Among 811 patients who underwent stenting for primary rectal cancer obstruction, stent reobstruction was the most common reason for clinical failure, occurring in 75 patients (10.50%) and reported in 18 studies,[131921222324262728293039414243444647] followed by stent migration in 67 patients (9.38%) reported in 20 studies,[1319212324262728293033343639434446474849] severe persistent pain due to stent placement in 29 patients (4.06%) reported in 9 studies,[132223263540414647] and perforation after stent placement in 21 patients (2.94%) reported in 10 studies.[13232532333945464849] Thirty-one patients (14.69%) needed endoscopic reintervention as reported in 11 studies,[2122262728303536394448] and 33 patients (8.31%) needed surgery after stent failure, reported in 17 studies.1321,[222526273032333539404142434448] There were 83 (53.20%) stent placements for palliation among 11 studies that reported this outcome,[2027303334353637384048] and 113 (43.29%) stent replacements were intended as a bridge to surgery among 14 studies that reported this outcome.[1920232728303334363738444648]

DISCUSSION

SEMS has been used as a bridge to surgery or for palliation in patients with malignant colorectal obstruction. In this review, we synthesized the evidence on the outcomes and complications of stent placement in patients who presented with rectal or recto-sigmoid obstruction due to primary malignant tumors. Despite the reported advantages of SEMS, such as shorter length of hospital stay, fewer postoperative complications, and lower stoma rates, controversy remains regarding its role in rectal and rectosigmoid obstruction.[505152] Use of SEMS seems technically less effective for palliative purposes because of the risk of severe complications such as perforation, migration, and post-stent bacteremia associated with SEMS use in the long term.[11] The pooled estimate of the clinical success rate of SEMS in previous studies was significantly lower than that for surgery (93.1% vs. 99.8%, P = 0.0009), although the rate of total complications was similar between the two groups (34.0% vs. 38.1%, P = 0.60).[953]

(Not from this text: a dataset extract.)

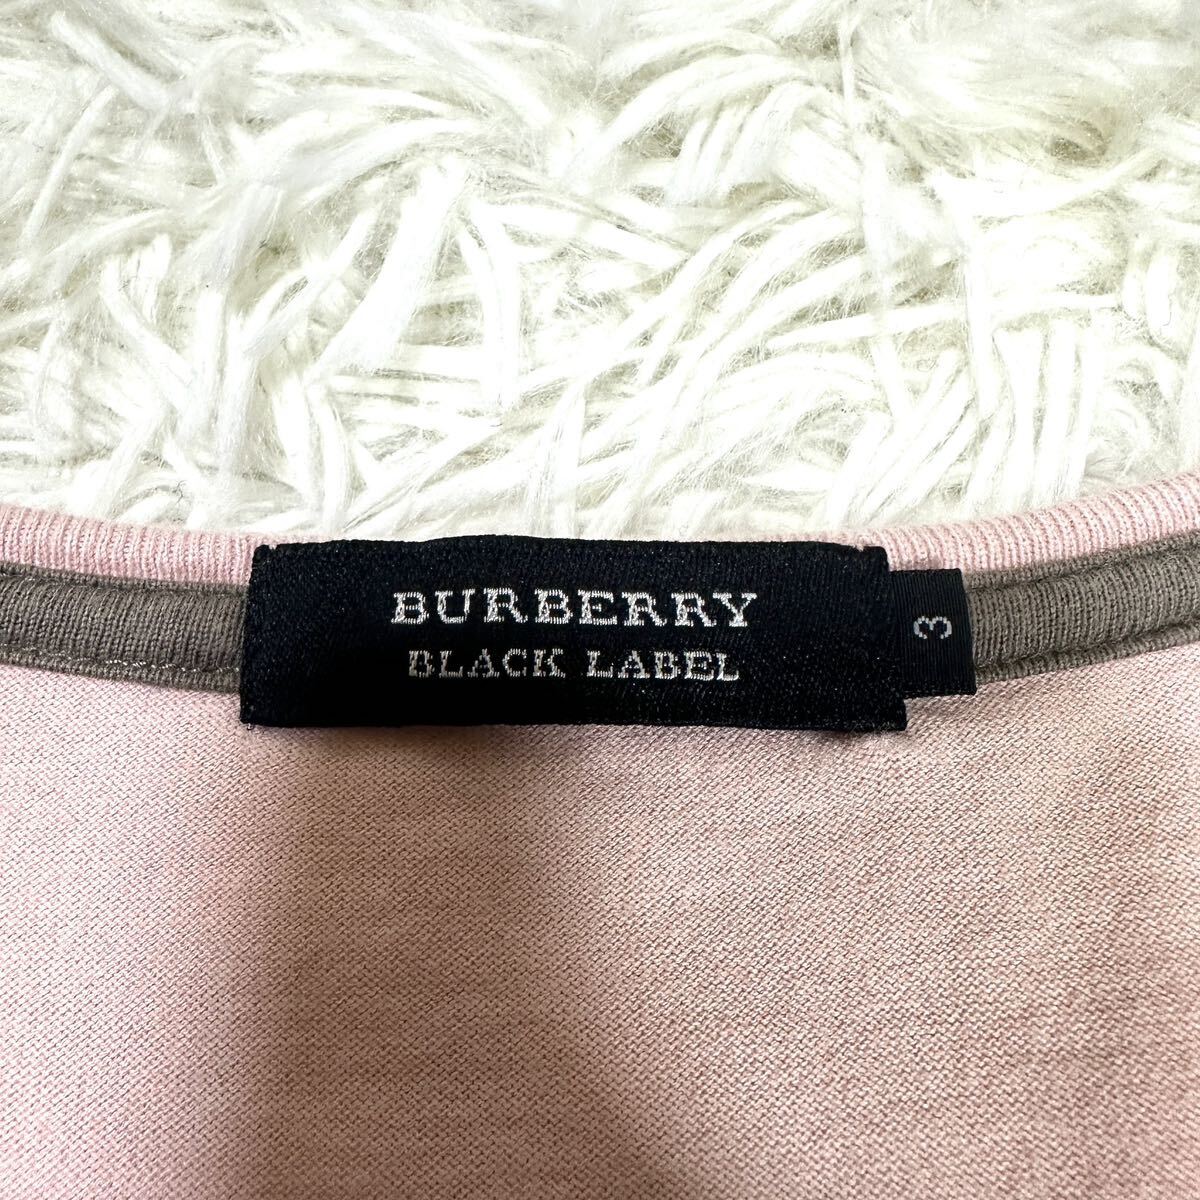 BURBERRY BLACK LABEL バーバリブラックレーベル ピンク 半袖 Tシャツ チェック柄 ホースロゴ サイズ3_画像4

Our systematic review and meta-analysis demonstrated that stents in rectal and recto-sigmoid primary tumors have a high technical success rate that does not always translate into clinical success. These findings are in accordance with a previous systematic review by Sebastian et al.[9] that examined the efficacy and safety of SEMS in the setting of obstructed CRC in 1198 patients. These authors reported a median technical success rate for obstructed CRC of 94% and a median clinical success rate of 91%.[9] Rectal and rectosigmoid stenting in our study thus compares unfavorably with these numbers; although the technical success rate in our review was very high at 97%, the clinical success rate was only 69%. The complication rates were similar for both Sebastian et al.'s population and ours, with reobstruction rates of 7.3% vs. 10.50%, migration rates of 11.9% vs. 9.38%, and perforation rates of 3.7% vs. 2.94%, respectively. Among reported perforations in their study, 98% occurred in stenting at the rectosigmoid junction, most likely related to its tortuosity.

A previous systematic review and meta-analysis compared the outcomes of stenting to treat obstruction of the left colon and rectum with the outcomes of emergent surgery. It showed significantly lower clinical success rate among the stenting group (52.5%) than that for the emergency surgery group (99%).[52] However, the stenting group had a significantly higher primary anastomosis rate compared to that in the emergency surgery group (64.9% vs. 55%, respectively). In addition, the stenting group had a significantly lower stoma rate (45.3% vs. 62%). However, the rate of permanent stoma and anastomotic leakage was similar for both groups.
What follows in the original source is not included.